The Modify Module¶
diogenes.modify
provides tools for manipulating arrays and
generating features.
- Cleaning
- Selection
- Feature generation
In-place Cleaning¶
Diogenes provides two functions for data cleaning:
diogenes.modify.modify.replace_missing_vals()
, which replaces missing values with valid onces.diogenes.modify.modify.label_encode()
which replaces strings with corresponding integers.
For this example, we’ll look at Chicago’s “311 Service Requests - Tree Debris” data on the Chicago data portal (https://data.cityofchicago.org/)
import diogenes
data = diogenes.read.open_csv_url('https://data.cityofchicago.org/api/views/mab8-y9h3/rows.csv?accessType=DOWNLOAD',
parse_datetimes=['Creation Date', 'Completion Date'])
The last row of this data set repeats the labels. We’re going to go ahead and omit it.
data = data[:-1]
data.dtype
dtype((numpy.record, [('Creation Date', '<M8[ns]'), ('Status', 'O'), ('Completion Date', '<M8[ns]'), ('Service Request Number', 'O'), ('Type of Service Request', 'O'), ('If Yes, where is the debris located?', 'O'), ('Current Activity', 'O'), ('Most Recent Action', 'O'), ('Street Address', 'O'), ('ZIP Code', '<f8'), ('X Coordinate', '<f8'), ('Y Coordinate', '<f8'), ('Ward', '<f8'), ('Police District', '<f8'), ('Community Area', '<f8'), ('Latitude', '<f8'), ('Longitude', '<f8'), ('Location', 'O')]))

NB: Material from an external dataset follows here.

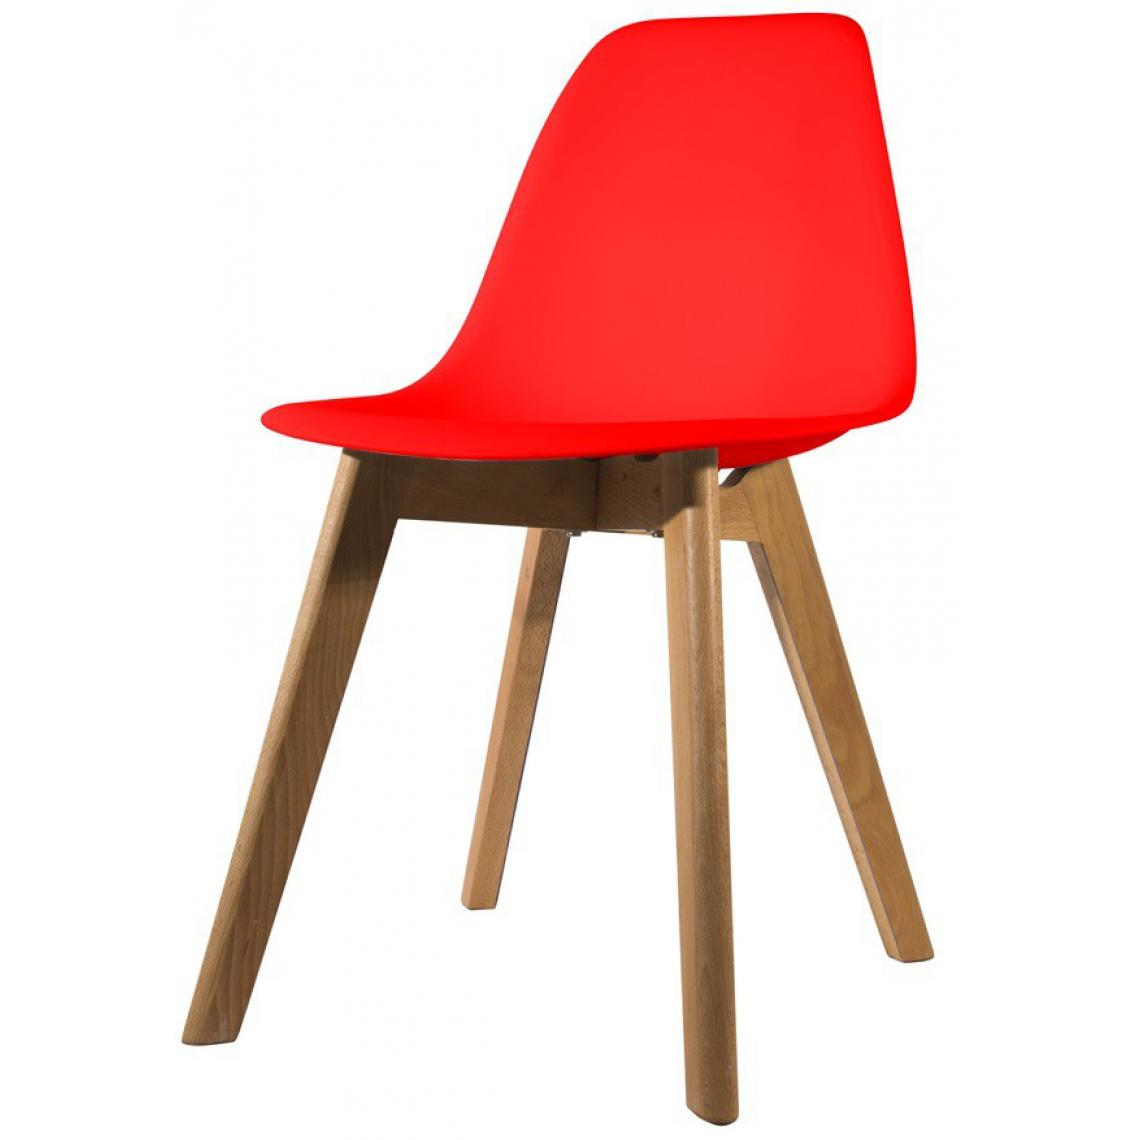 chaise scandinave coque rouge orkney plus de details

We’re going to predict whether a job is still open, so our label will ultimately be the “Status” column.
from collections import Counter
print Counter(data['Status']).most_common()
[('Completed', 94431), ('Completed - Dup', 13912), ('Open', 144), ('Open - Dup', 6)]

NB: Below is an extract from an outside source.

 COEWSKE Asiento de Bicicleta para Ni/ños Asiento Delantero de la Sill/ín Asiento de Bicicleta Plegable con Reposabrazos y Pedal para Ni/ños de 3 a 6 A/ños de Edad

We’ll remove the label from the rest of the data later. First, let’s do some cleaning. Notice that we have some missing data for our floating point variables (encoded as numpy.nan)
import numpy as np
print sum(np.isnan(data['ZIP Code']))
print sum(np.isnan(data['Ward']))
print sum(np.isnan(data['X Coordinate']))
270
31
39
Sklearn can’t tolerate these missing values, so we have to do something
with them. Probably, a statistically sound thing to do with this data
would be to leave these rows out, but for pedagogical purposes, let’s
assume it makes sense to impute the data. We can do that with
diogenes.modify.modify.replace_missing_vals()
.
We could, for instance, replace every nan with a 0:
data_with_zeros = diogenes.modify.replace_missing_vals(data, strategy='constant', constant=0)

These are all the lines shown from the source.